If you like what we're working on, please  star us on GitHub. This enables us to continue to give back to the community.

How to Validate Your ML Model Before Deploying into Production

Introduction

You just finished evaluating your latest ML model, hooray! You achieved 95% accuracy. Time to deploy the latest model!

Not exactly.

This blogpost aims to help ML engineers understand possible pitfalls when deploying ML models into production. We divided the topics into two main categories, namely data-related issues and model-related issues.

Know Your Data

Importance of Using a Hold-out Set

Splitting your dataset into train and test is essential to evaluate how your model will behave in the real world. If we rely only on our model’s results on the training data we are likely to overfit and “memorize” the examples, making us perform poorly on new data.

It is important to note that this split can be broken by any information you receive from the test set. So even by evaluating your model on the test set, you may be breaking this ideal separation if the results affect your decision-making process.

Best practices: Use the test set as little as possible, use a validation set for hyperparameter tuning and model selection.

X_train, X_test, y_train, y_test = train_test_split(X, y, test_size=0.2, random_state=1) 
X_train, X_val, y_train, y_val = train_test_split(X_train, y_train, test_size=0.25, random_state=1)

Code example: split your data to train, validation, and test, use the test only for final evaluation

Detecting Data Leakage

Separating samples into training and test sets is not always enough. There can be various reasons for duplicate samples that appear in both sets, and it is important to detect and remove these duplicates. For example, one of the most used datasets in Computer Vision, CIFAR, is shown to contain duplicate samples in training and test sets.

This becomes more of a problem for models that are trained on huge amounts of data such as BERT and GPT-3.

Best practices: Remove duplicates before splitting the data, check for partial duplicates as well, sort by different columns, and examine the data.

Understanding the Makeup of Your Data

On which examples does your model fail? Which examples are easier to predict?

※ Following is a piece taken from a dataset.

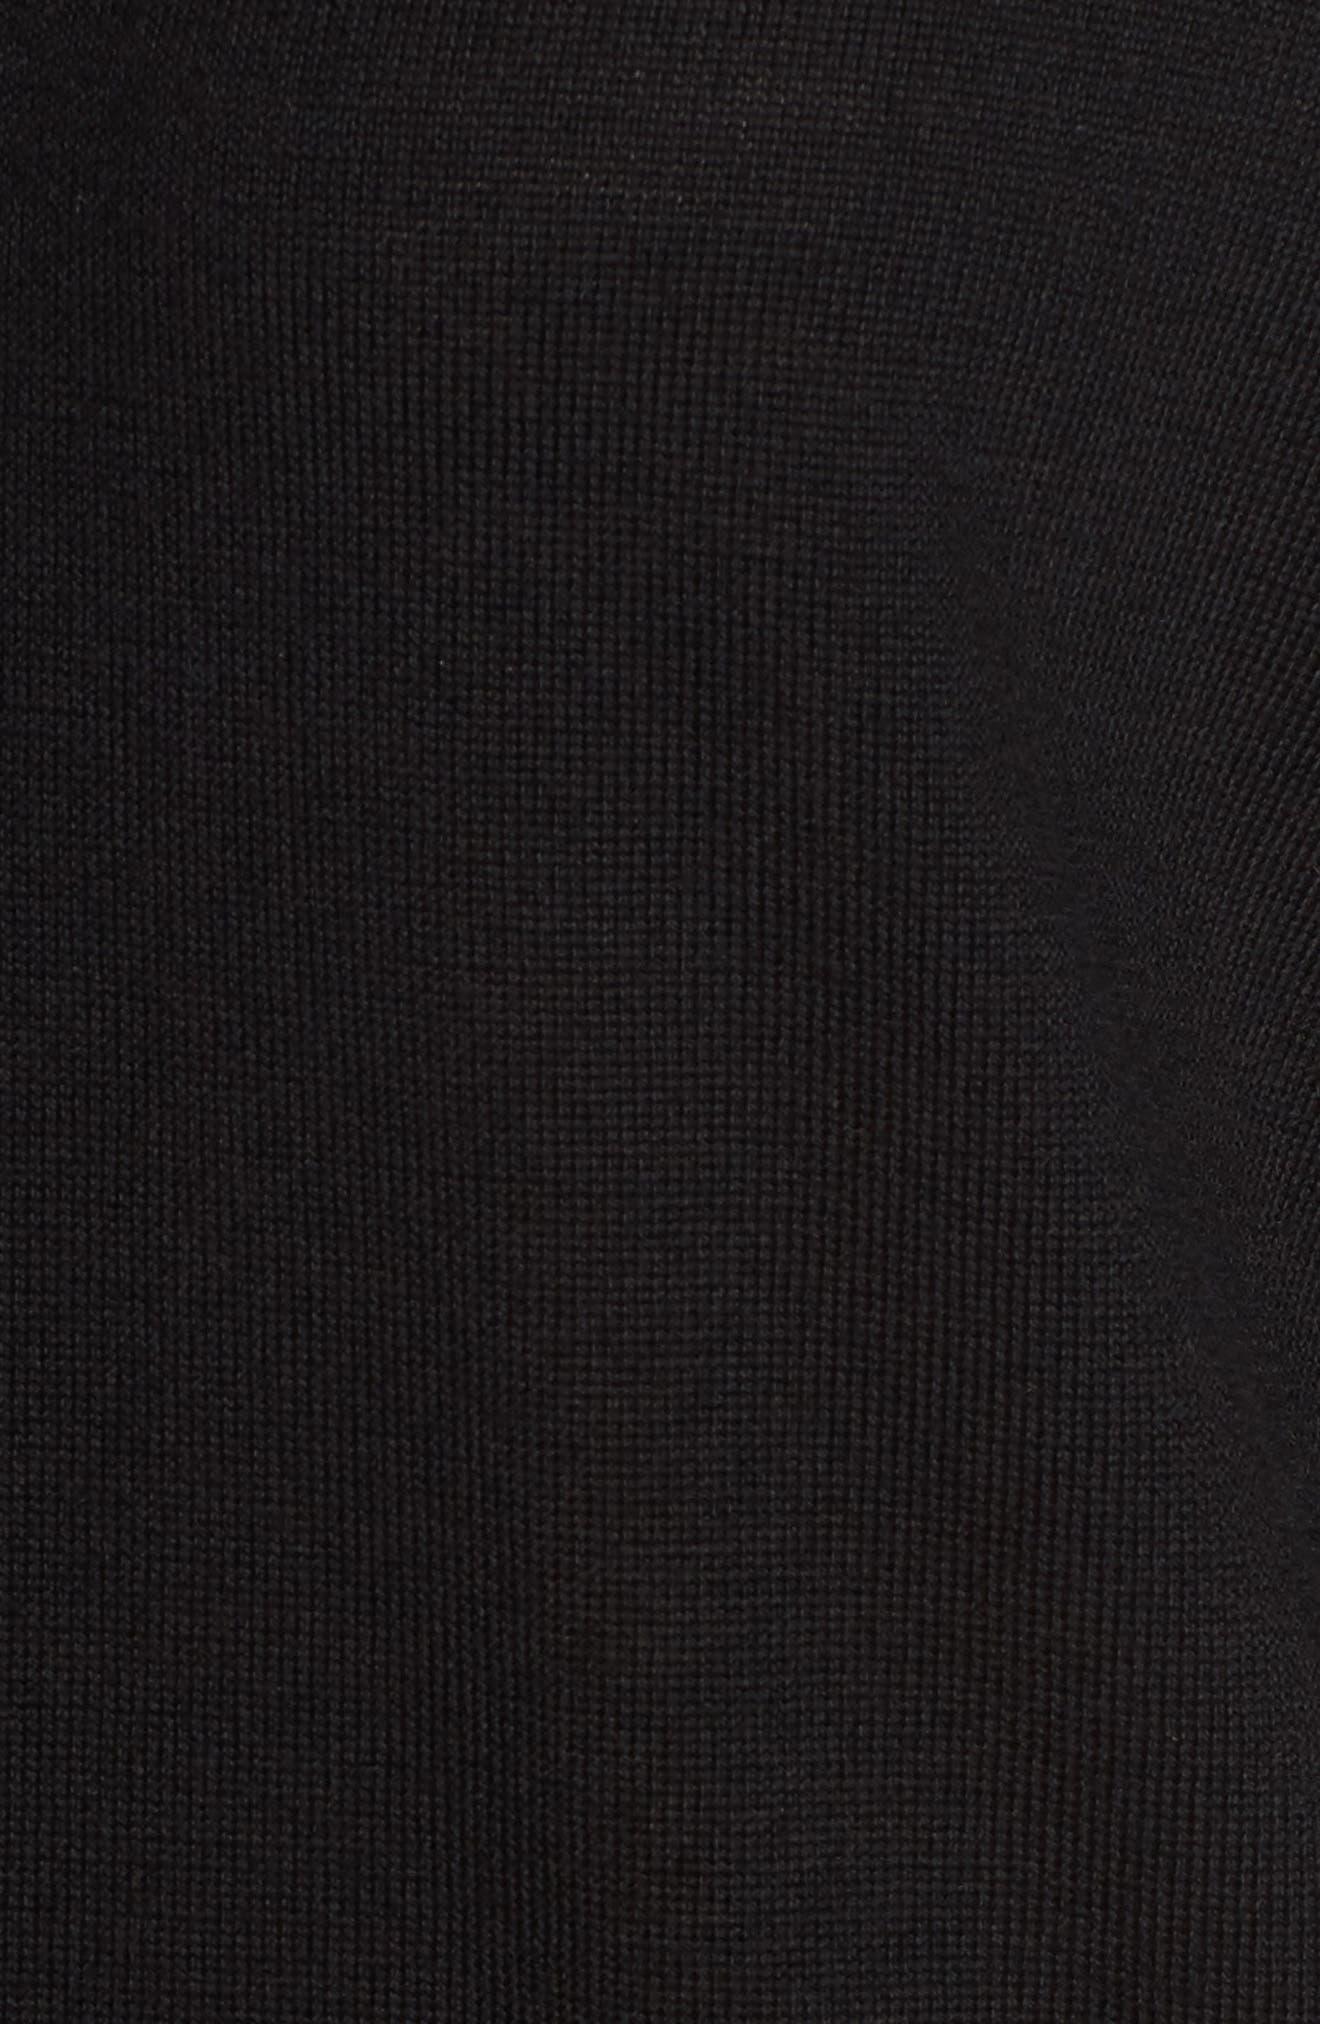 Metallic Trim Merino Wool Blend Sweater,                             Alternate thumbnail 5, color,

To understand the makeup of our data, use some clustering algorithm such as K-Means and run your model on samples from different clusters. Visualizing the different clusters using a2D projection like PCA or tSNE can be very helpful in understanding the makeup. This process should be done during data exploration before the model development stage, but after developing our model we can now investigate how the makeup of our data relates to our model’s prediction.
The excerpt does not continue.